Boehner’s announcement has shed a spotlight on the marijuana industry, which has now become so high-profile that that former major political figures can no longer ignore the cash-cow. Thirty-nine states have passed some form of marijuana legalization, generating enourmous amounts of tax revenue. The legal marijuana industry raked in $9 billion in sales last year and is expected to bring in $11 billion this year.
But while many watch in amazement as the marijuana industry enjoys record profits and unprecedented growth, many have started to consider how marijuana’s legal past will be addressed, if at all, going forward. It has been a schedule I drug, prohibiting it from use and study, since 1970. The criminalization of the drug has been substantively described as having discriminatory intentions, put most notably by former Nixon aide John Ehrlichman in an interview with Harper’s Magazine.
“The Nixon campaign in 1968, and the Nixon White House after that, had two enemies: the antiwar left and black people,” he said. “We knew we couldn’t make it illegal to be either against the war or blacks. But by getting the public to associate the hippies with marijuana and blacks with heroin, and then criminalizing both heavily, we could disrupt those communities.”
The war on drugs was successful in that regard, as in the decades since the Nixon administration cracked down on drug use, communities of color have been disproportionately arrested and sentenced to prison for possession and distribution of marijuana, often for much longer than their white counterparts.
Now, as the substance is legal to use in many states, some wonder why so many are in prison for using a drug that many now use without fear of repercussion. Some legislators and activists have called for non-violent offenders’ sentences to be commuted or reduced, and I agree strongly with this notion.
I want to be clear, I only support the release of non-violent marijuana users in prison, and do not extend that same feeling towards those imprisoned for distributing the drug. The distribution and sale of illegal drugs has lots of negative effects on a community that go beyond use, regardless of the substance, so while I agree that there is significant room for reform in the sentencing and imprisonment of drug dealers, I don’t think the legalization of marijuana warrants forgiveness for selling it.
That being said, many face long sentences for the mere possession of marijuana, often in miniscule amounts. If marijuana is decriminalized at the federal level, the legislation should provide for a review of qualifying non-violent drug offenders sentences, with special considerations to allow offenders with good behavior to get their sentences reduced.

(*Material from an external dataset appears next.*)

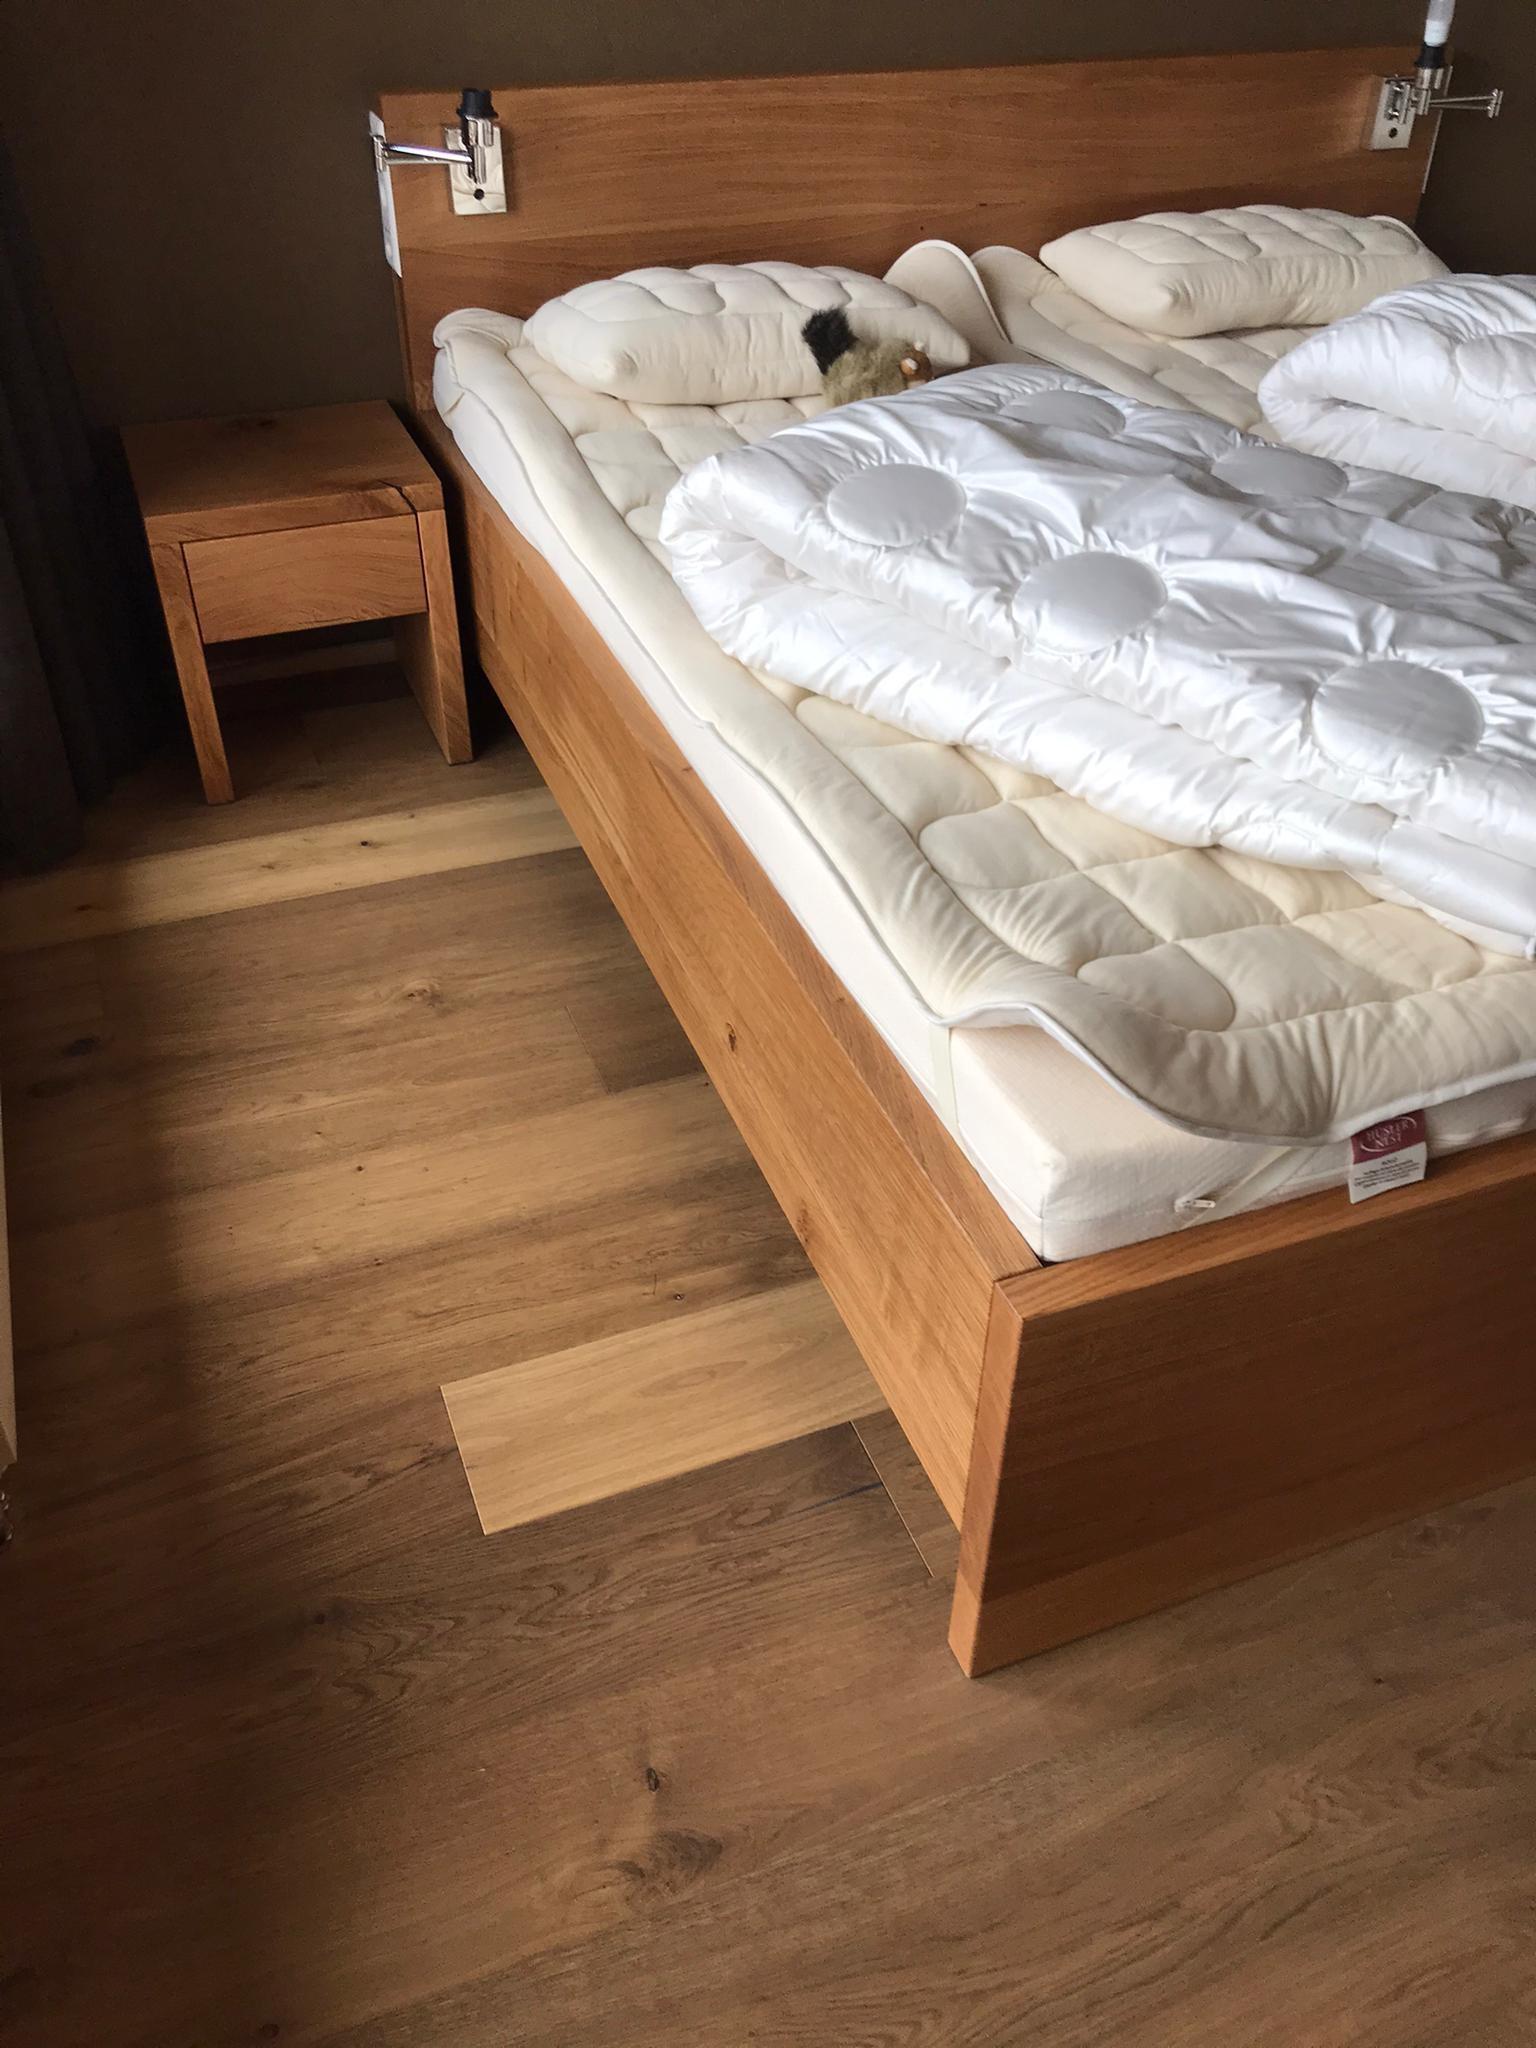 Eichen Bett, rustikal. Alle Verbindungen ohne Metall!

The main reason for this, beyond the obvious hypocrisy of leaving them in prison, is to reform the relationship between convicts and the rest of society. The purpose of incarceration has always been a deterrent for crime and an avenue for criminals to reform and reenter society. Because of the limited opportunities and resources for convicts, however, reentering society proves extremely difficult for so many. This move would help smooth that transition and prevent some from the high likelihood of a return to crime.